Well, this blunt and honest conversation will take place at the beginning of my school year with students, that is what digitalization has done to their brains. All of our brains. Last year, my students who were readers were the ones who tended not to have a lot of television or screen time (remember those hippie parents, back in the day? Who didn’t have TVs? I gasped in bewildered horror anytime I came across a situation like that.)

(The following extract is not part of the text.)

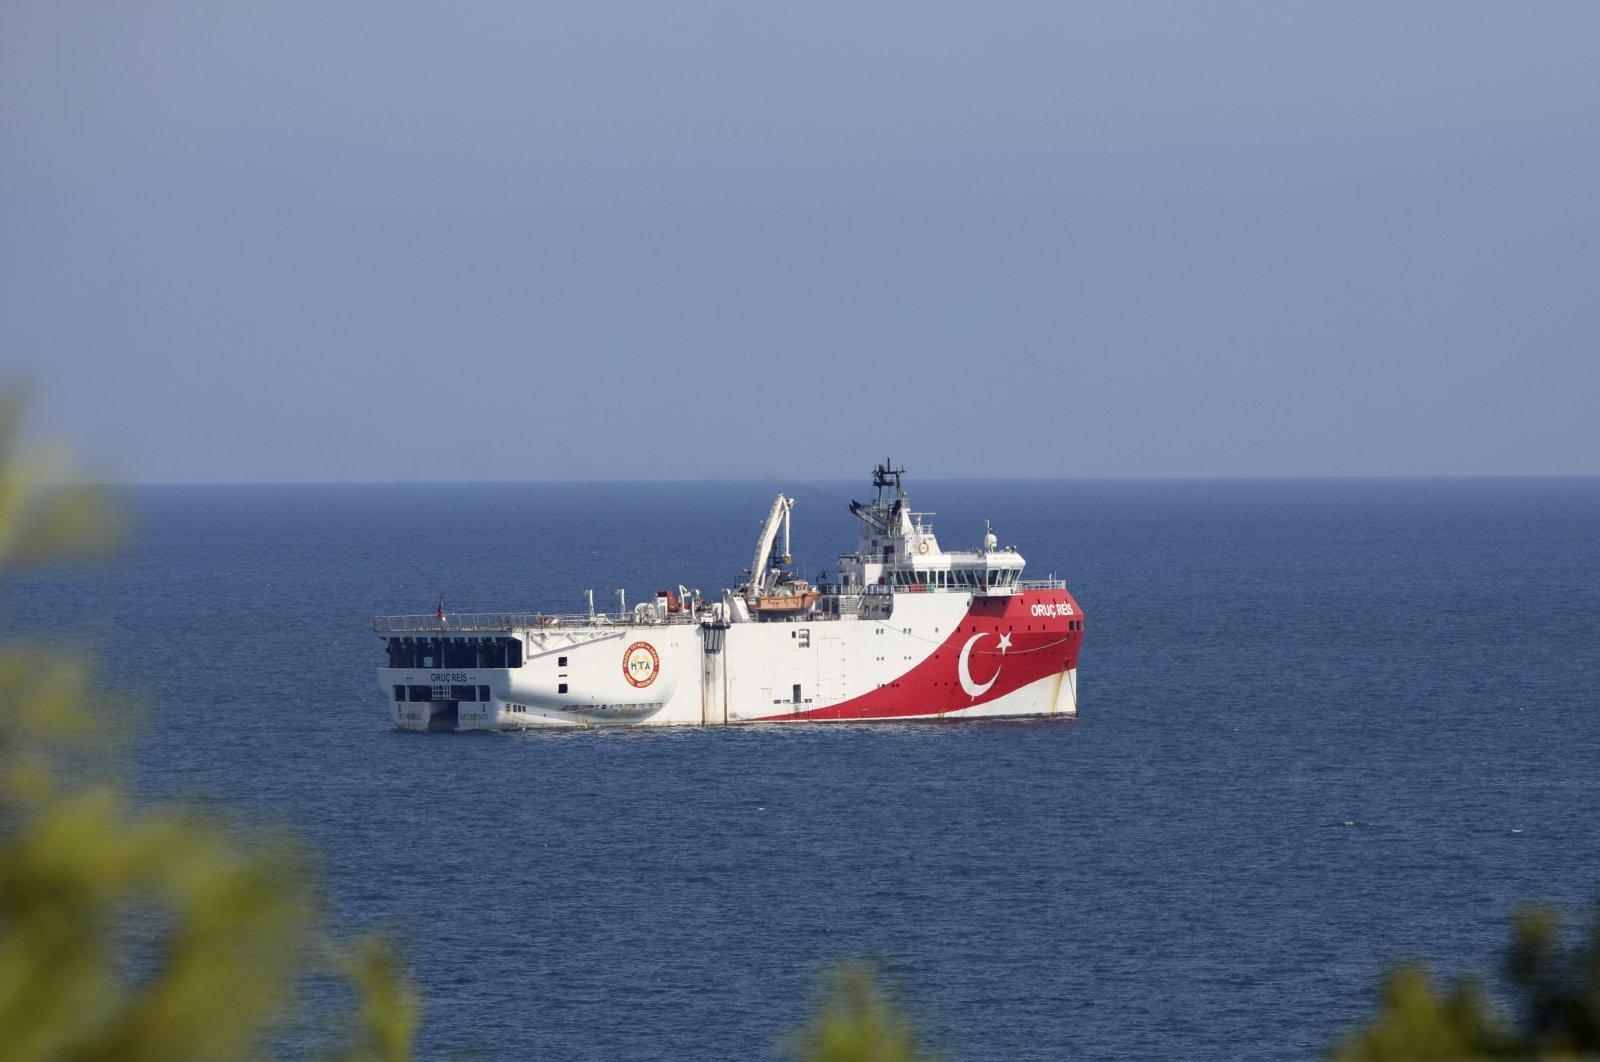 Turkey's research vessel Oruç Reis anchors off the coast of Antalya on the Mediterranean, Turkey, Sept. 13, 2020. (AP Photo)

Is the same thing happening to (other) teachers? Are teachers just not reading as much as they used to, grabbing a few YA novels or short stories, and curating them for themselves? Or it is just a means to share tried and true texts with one another? Probably the latter. But there may be some instances where it’s the former, or perhaps I’m projecting my own failings.

novels

I have my list of books/stories to share. I have an extensive classroom library, both hard copy and digital. There are apps and sites galore to help teachers find texts. There are news outlets, story sites, like This American Life, Storycorp, The Moth, Radiolab, etc. to explore, to name a few. It would take a lifetime to read or listen to all the infinite stories. Sites like Artifact App and CommonLit help educators ask the essential questions to guide reading, too. And there are still libraries, with real librarians, who love nothing more than to talk and share ideas about texts. But that involves getting out of my bathrobe and the house. Hmmm. Tough call. (Oh, like you’ve never hung out in your robe until 1PM on summer break!)

 

Artifact App
Artifact App

 

So what are we teachers looking for when we ask others about text suggestions? We’re looking the same things as when we recommend books to other adults. We want something relevant, that may speak to us, that we can find some universal truth, or help us connect. And this is where the digital dopamine can’t help us: texts, be they on the screen or paper, give us a much more powerful sensation than digital ones. Helping students understand these important brain functions will help them understand when a person hurts them on line, it feels real because our brains don’t know the difference. We want to share stories, and that drive gives me hope, for my students, and for myself.

McGuire writes:

I am reading books now more than I have in years. I have more energy, and more focus than I’ve had for ages. I have not fully conquered my digital dopamine addiction, though, but it’s getting there. I think reading books is helping me retrain my mind for focus.

While on the hunt for great texts, I plan on using my powers of digital organization and keep track, make a list, and add notes. But for the moment, I’m just going to make a sandwich.